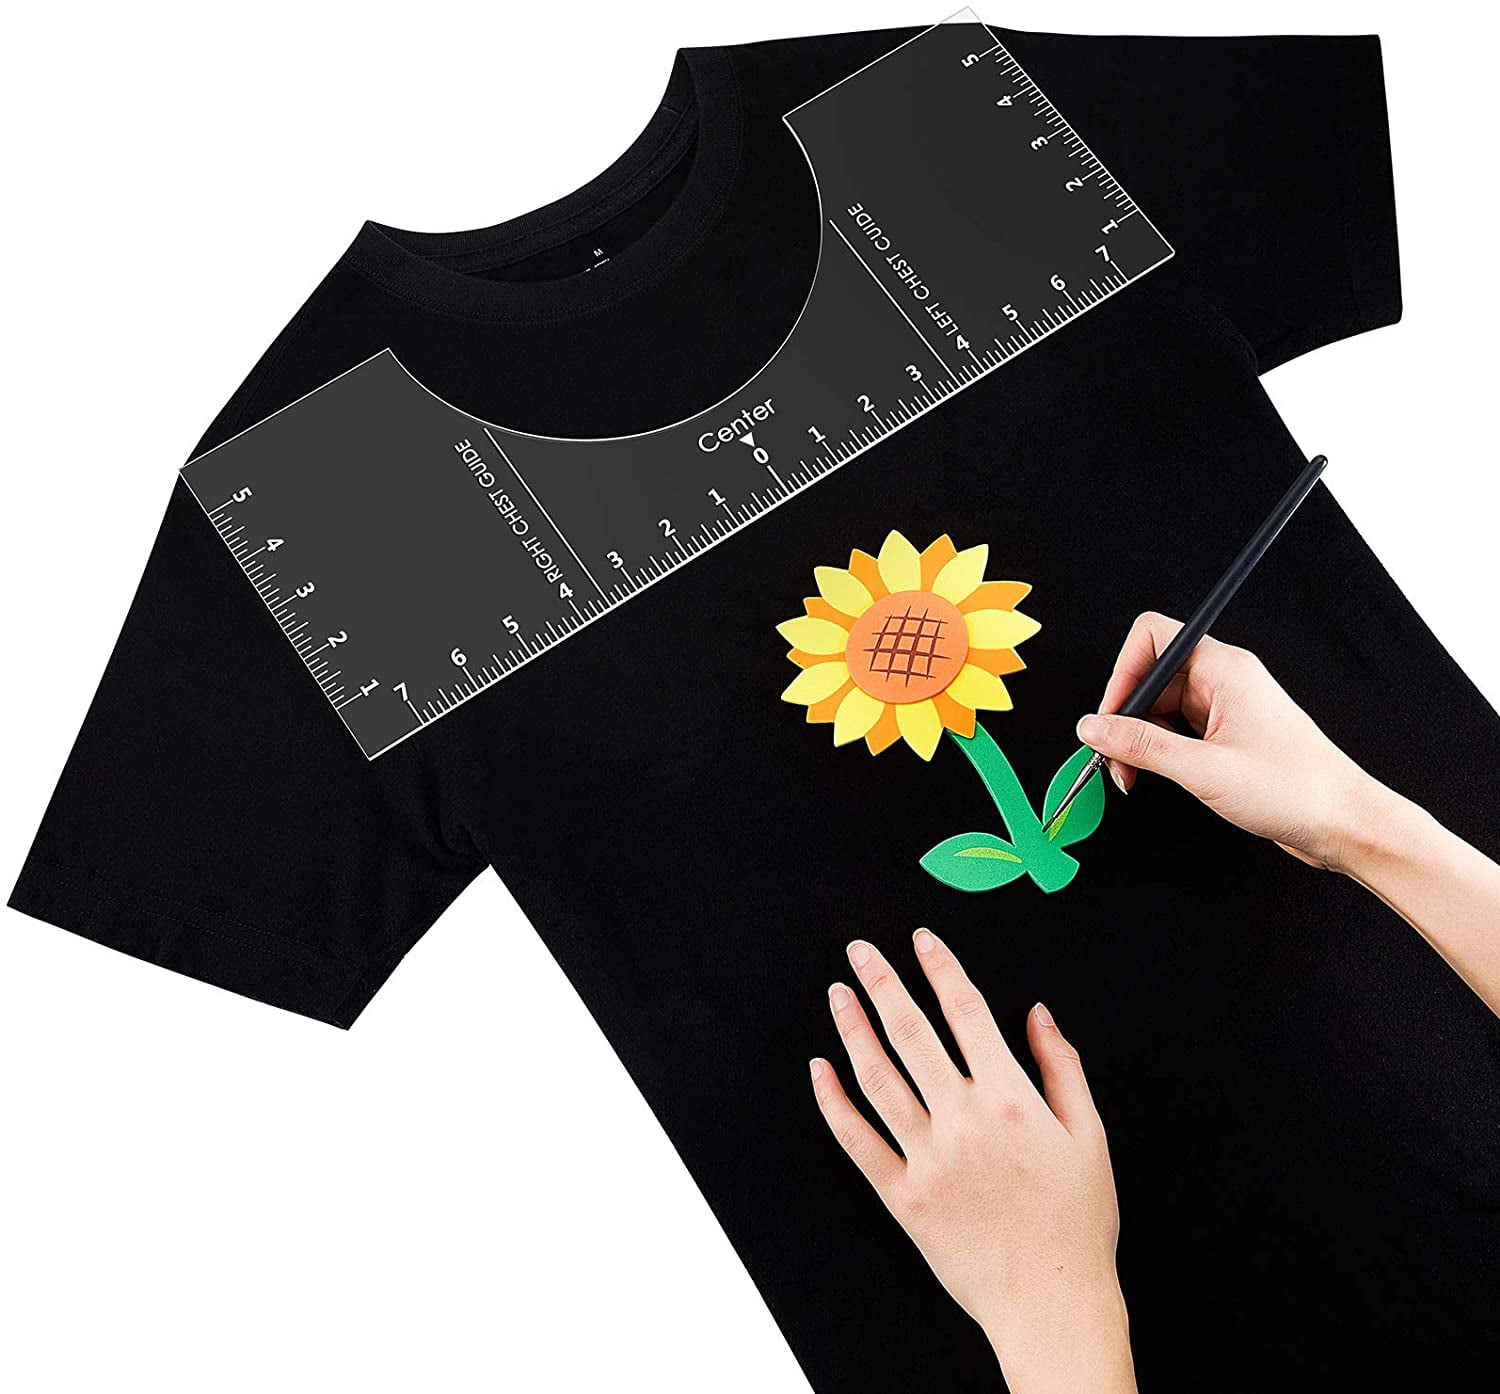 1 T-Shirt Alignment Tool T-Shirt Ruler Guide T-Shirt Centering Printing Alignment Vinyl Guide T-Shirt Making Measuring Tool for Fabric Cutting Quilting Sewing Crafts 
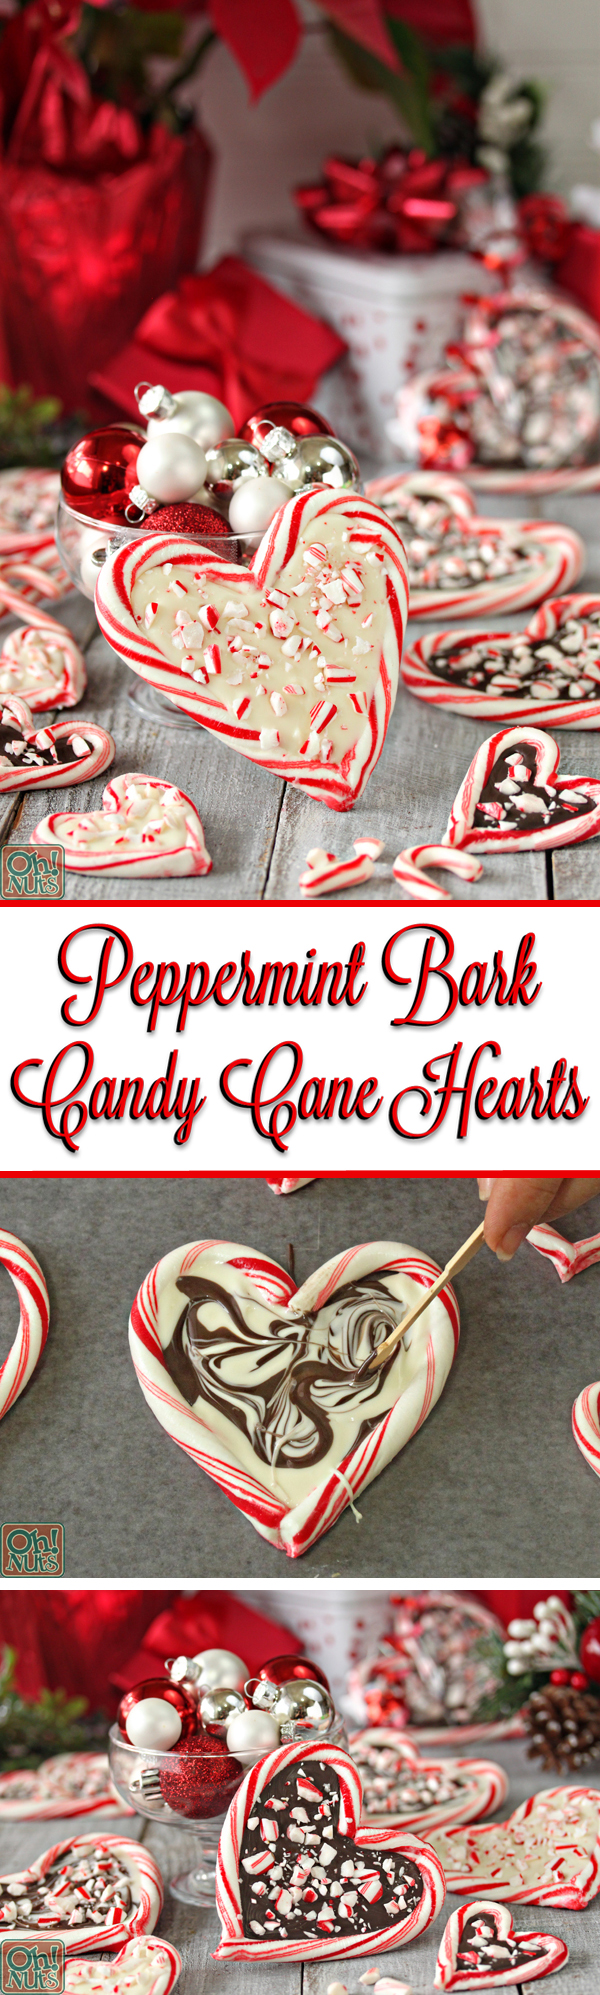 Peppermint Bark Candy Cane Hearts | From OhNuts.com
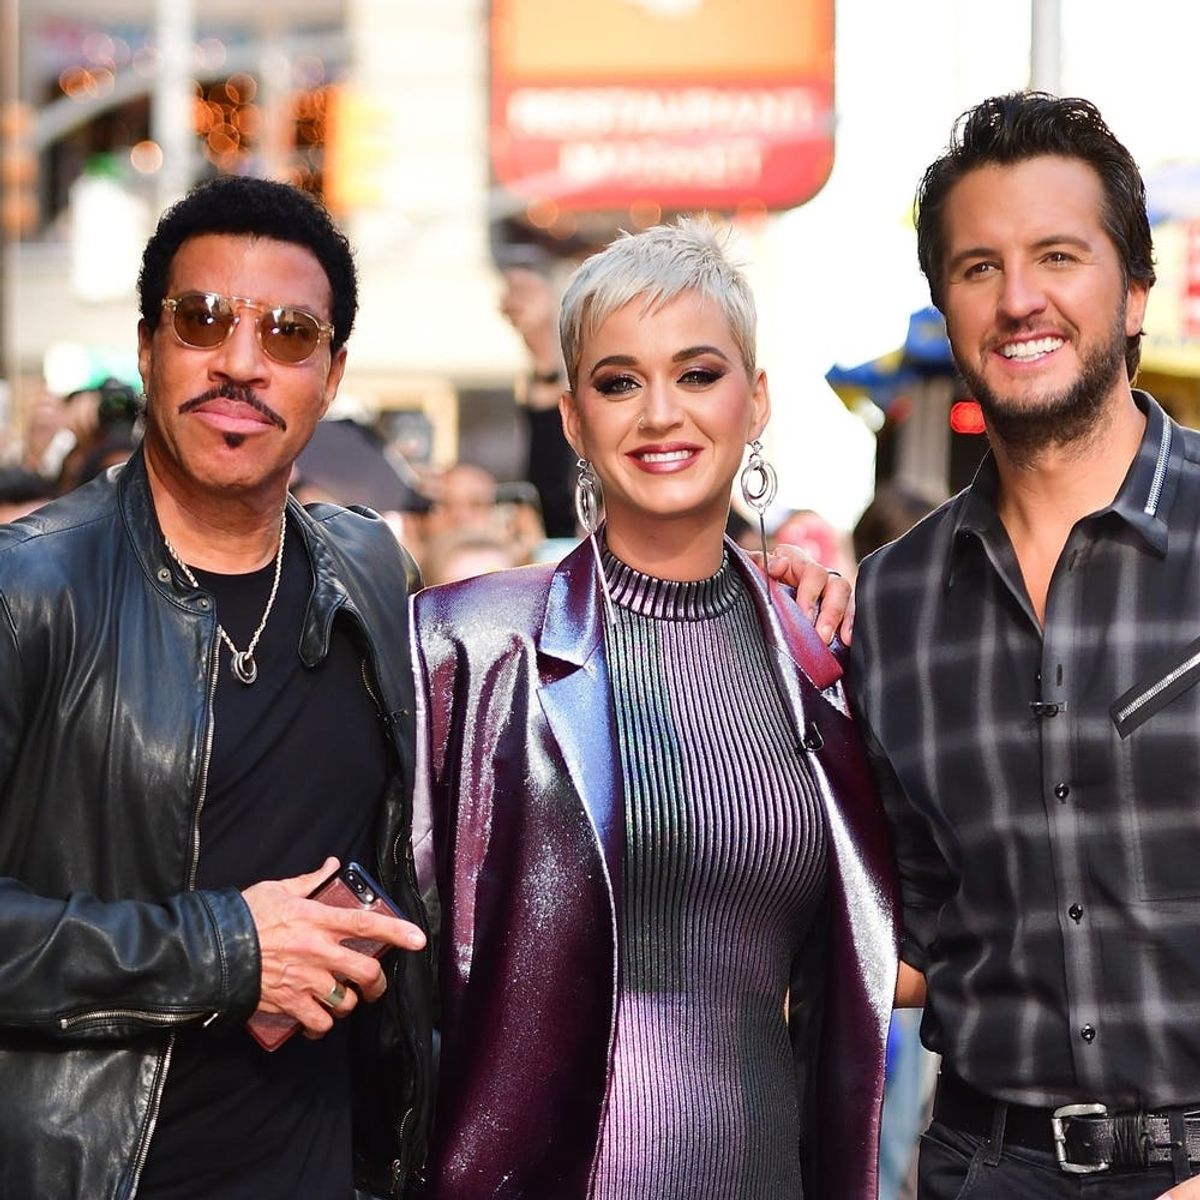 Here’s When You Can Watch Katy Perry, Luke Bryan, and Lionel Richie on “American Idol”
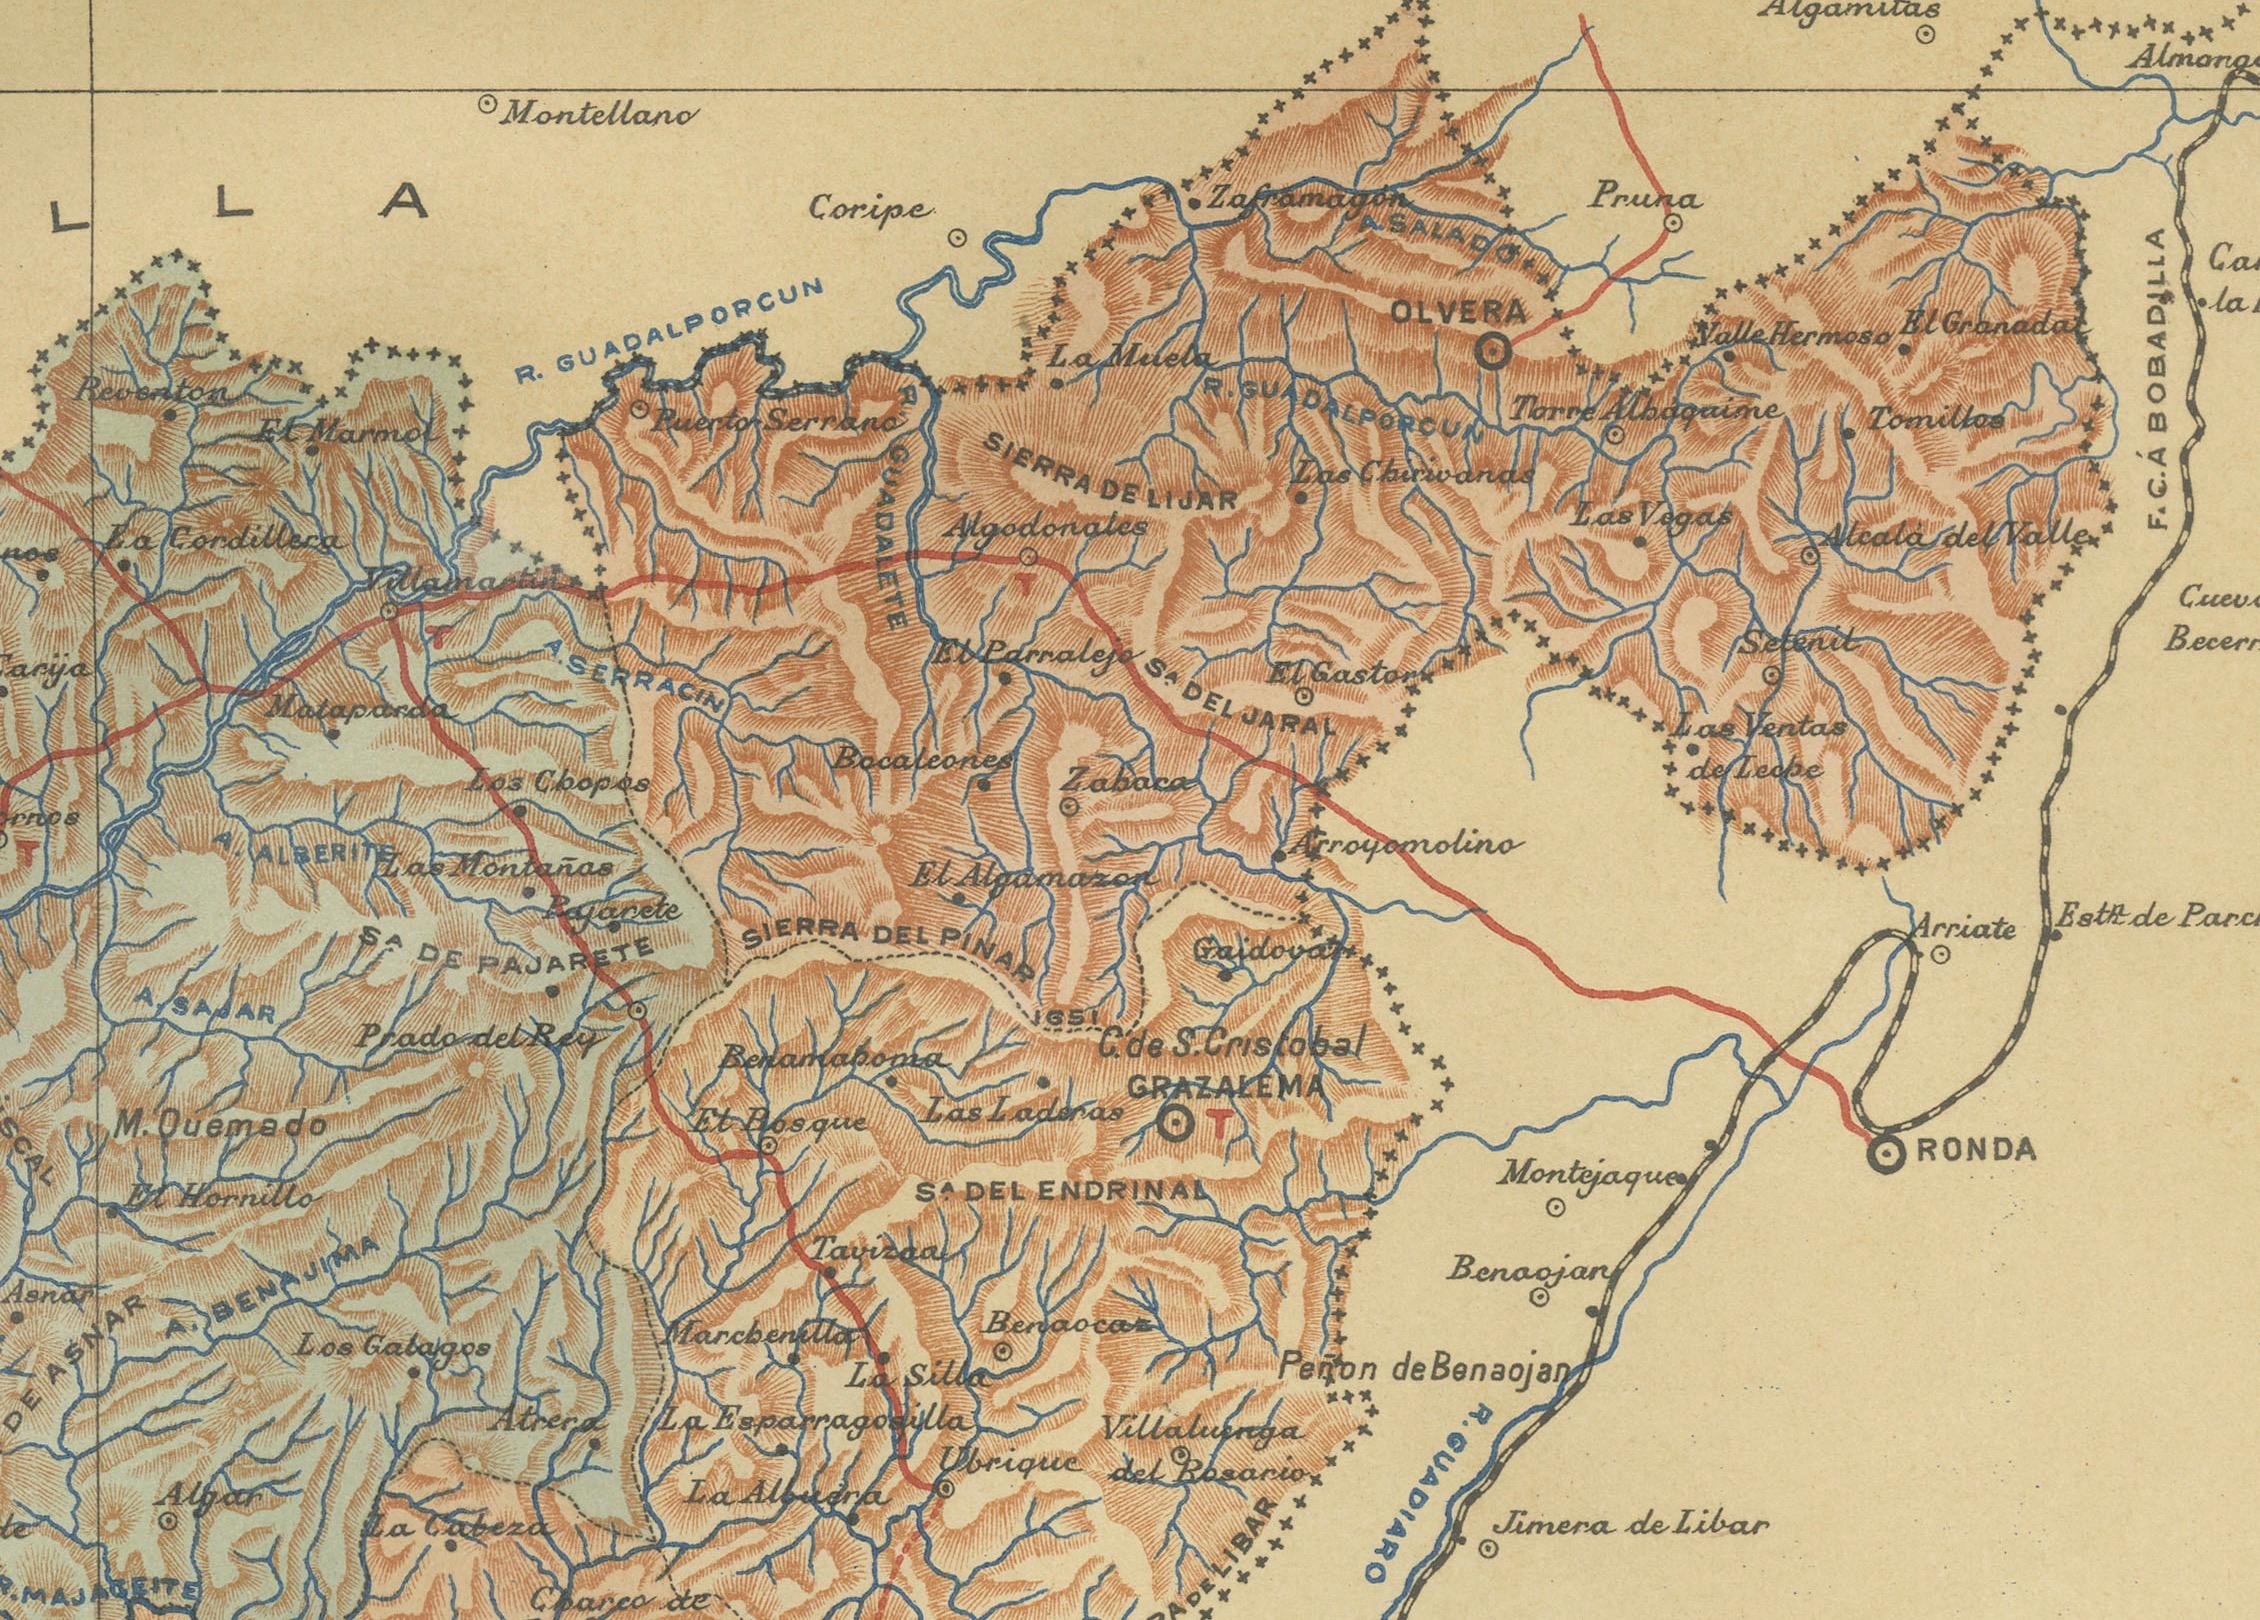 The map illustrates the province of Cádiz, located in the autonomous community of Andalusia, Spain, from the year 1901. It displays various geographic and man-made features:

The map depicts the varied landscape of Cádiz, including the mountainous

****

→ **Your goal**: Every last line above must be reproduced as written, and no pictures belong in the copy.

→ **Task answer**:
 1 T-Shirt Alignment Tool T-Shirt Ruler Guide T-Shirt Centering Printing Alignment Vinyl Guide T-Shirt Making Measuring Tool for Fabric Cutting Quilting Sewing Crafts 
 Peppermint Bark Candy Cane Hearts | From OhNuts.com
 Here’s When You Can Watch Katy Perry, Luke Bryan, and Lionel Richie on “American Idol”
 The map illustrates the province of Cádiz, located in the autonomous community of Andalusia, Spain, from the year 1901. It displays various geographic and man-made features:

The map depicts the varied landscape of Cádiz, including the mountainous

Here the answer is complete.